OROSDİ-BACK YANDI YIKILDI YERİNDE DE MAHKUM ASILDI

Mağaza yangını ile ilgili olarak bir önemli not daha düşmek lazım; o yıllarda kente en uzak nokta ile mağaza arası mesafe yürüyerek belki onbeş, belki yirmi dakika falan, ancak… Böyle iken, yangından nice sonra, ama en az yarım saat sonra yetişebilmiş mağaza müdürü… Bu nedenle de, mağaza yangını ile ilgili çoook çeşitli ve kuşku ambalajlı söylentiler çalkalanıp durmuştu seneler senesi…

DİN-İMAN MESELESİ Mİ?

Binayı değil ama, fotoğraflarını görmüşüz; gerçekten şahane… Keşke yanmasaydı, yıkılmasaydı… Durabilse idi, kimse kıyıp yıkamazdı ve o takdirde etraftaki diğer güzel binalara da, sanırız, kıyılmazdı… Bazıları, yangının mağaza müdürü tarafından idare ile ters düşmüşlük veya suiistimalin örtülmesi amacıyla çıkarıldığını duymuş… Kimileri de, yapının eskiden kiliseye ait olmasından dolayı ve Ermeni zulmünden şehit vermiş birileri tarafından yakıldığını anlatırdı… Bir başka yorum da, yine bazı saf kişilerin Kilise mukaddesatına sığınarak her türlü fenalığı yapan kilise görevlilerine ders vermek şeklinde gelişmişti…

Fakat bir de, yangının özellikle Hıristiyan fanatikler tarafından çıkarıldığını söyleyenler vardı; fikri dayanakları hiç de yabana atılır gibi değildi… Çünkü bu bina kiliseye aitken Kurtuluş Savaşı’ndan hemen sonra Özel İdare’ye devredildi. Özel İdare de, sanırız o yılların sıkışıklığı içinde, nice acil sorunlara çözüm bulabilmek için, Mağaza sahipleriyle 20 yıllık kira anlaşması yapmıştı. Hıristiyan fanatik veya fanatikler de, “Bize yar olmuyorsa bunlara da olmasın” diyerek usturuplu biçimde çıkarmıştı yangını…

SIRA GELDİ HOROZA

Zamanla, Mağaza’nın Orosdi-Back olduğunu öğrendik. Orozdi-Bek okunur; İngilizce fonetiğine dahildir… Orosdi Back mağazaları, Avrupa ve Ortadoğu’nun büyük kentlerindeki prestij alışveriş merkezleridir ve Bay Leon Orosdi ile Bay Hermann Back tarafından 1888’de kurulmuştur. İki “Bay”ın soyadını alan ortaklık, Merkez olarak Paris’i seçmiş.

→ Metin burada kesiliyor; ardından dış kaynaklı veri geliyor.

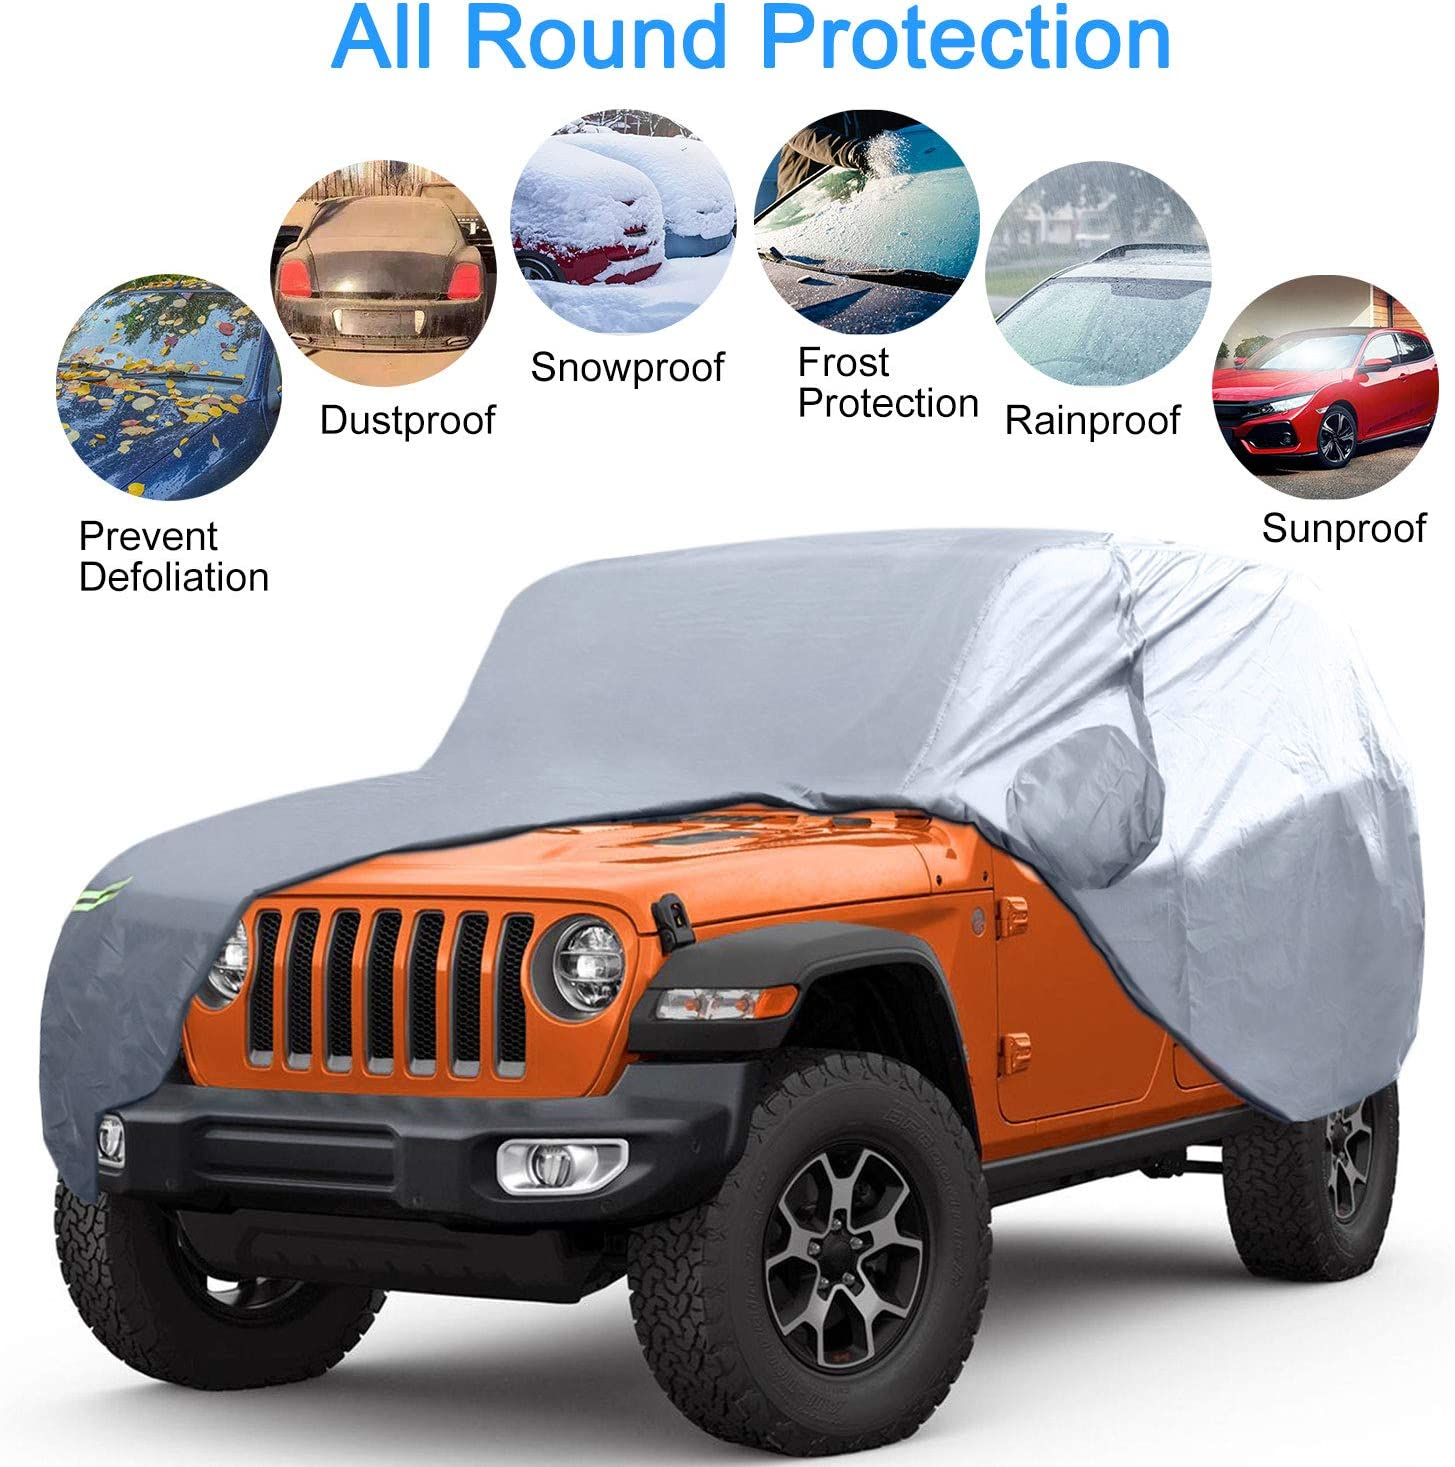 KAKIT 210D Oxford Rain Cover for Jeep Wrangler 4 Door Fit CJ,YJ TJ /& JK 2007-2020 Driver Door Zipper Anti-Theft Lock Included

Yani ki, ortada ne horoz vardır, ne dibek, ne de banka…

İstanbul’daki Orosdi Back mağazası da hayli ihtişamlı idi. Ömer Efendi Vakfı’na ait binanın esaslı bir onarımı ile hizmete geçirilmişti. Eminönü Semtinin en gösterişli binalarından birinde idi. Burası daha sonra Sümerbank tarafından kullanılmıştı… Fakat, dünyanın ilk ve en gerçek Orosdi’si İstanbul’da açılmış. Yahudi bir Macar Subayı olan Adolf Orosdi 1855’de Osmanlı’ya sığınanlardan bir. Galata’da ilk giyim mağazasını açmış.  Ondan sonra da Allah “Ailece Yürü ya kulum!” demiş… Bu emir üzerine, Bay Leon Orosdi de daha hızlı yürüyebilmek için belki, Bay Hermann Back’le el-ele vermiş…

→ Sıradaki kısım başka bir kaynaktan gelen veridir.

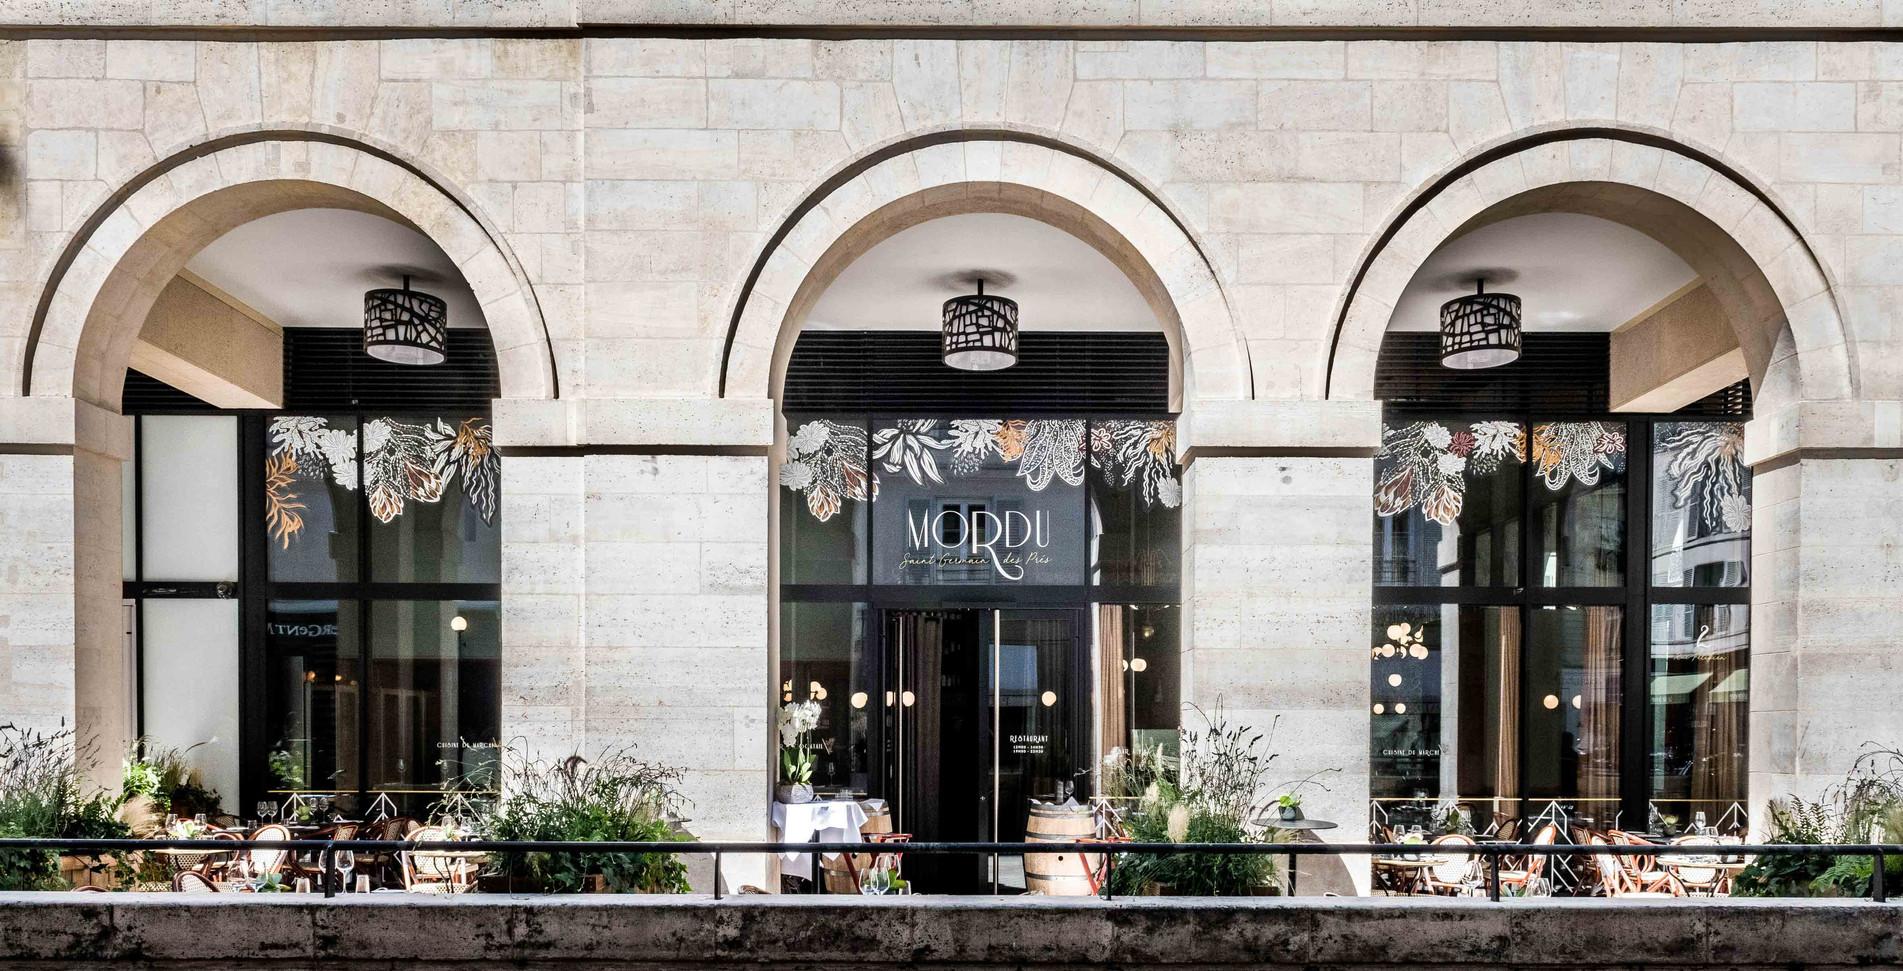 MORDU_Paris_Restaurant_facade.jpg

MAĞAZA YANIP YIKILDI YERİNDE  ADAM ASILDI

Koca Mağazanın molozları kaldırılınca kocaman bir alan açıldı. Bir süre otobüs garajı olarak hizmet veren alanda mitingler de yapılabiliyordu. Aynı zamanda idam hükümlerinin infaz alanıydı da burası. Örneğin, Karsantılı (Aladağlı) Ayşe Gelget de burada idam edilmişti. Metres hayatı yaşadığı hakimin eşi ile çocuklarını fare zehiri ile öldürdüğü çabucak anlaşılmış ve 1938 Mayısının ilk hafta sonundan sonrasını görememişti. Halkın ilgisini, eklediğim fotoğraftan anlayabilmek mümkün.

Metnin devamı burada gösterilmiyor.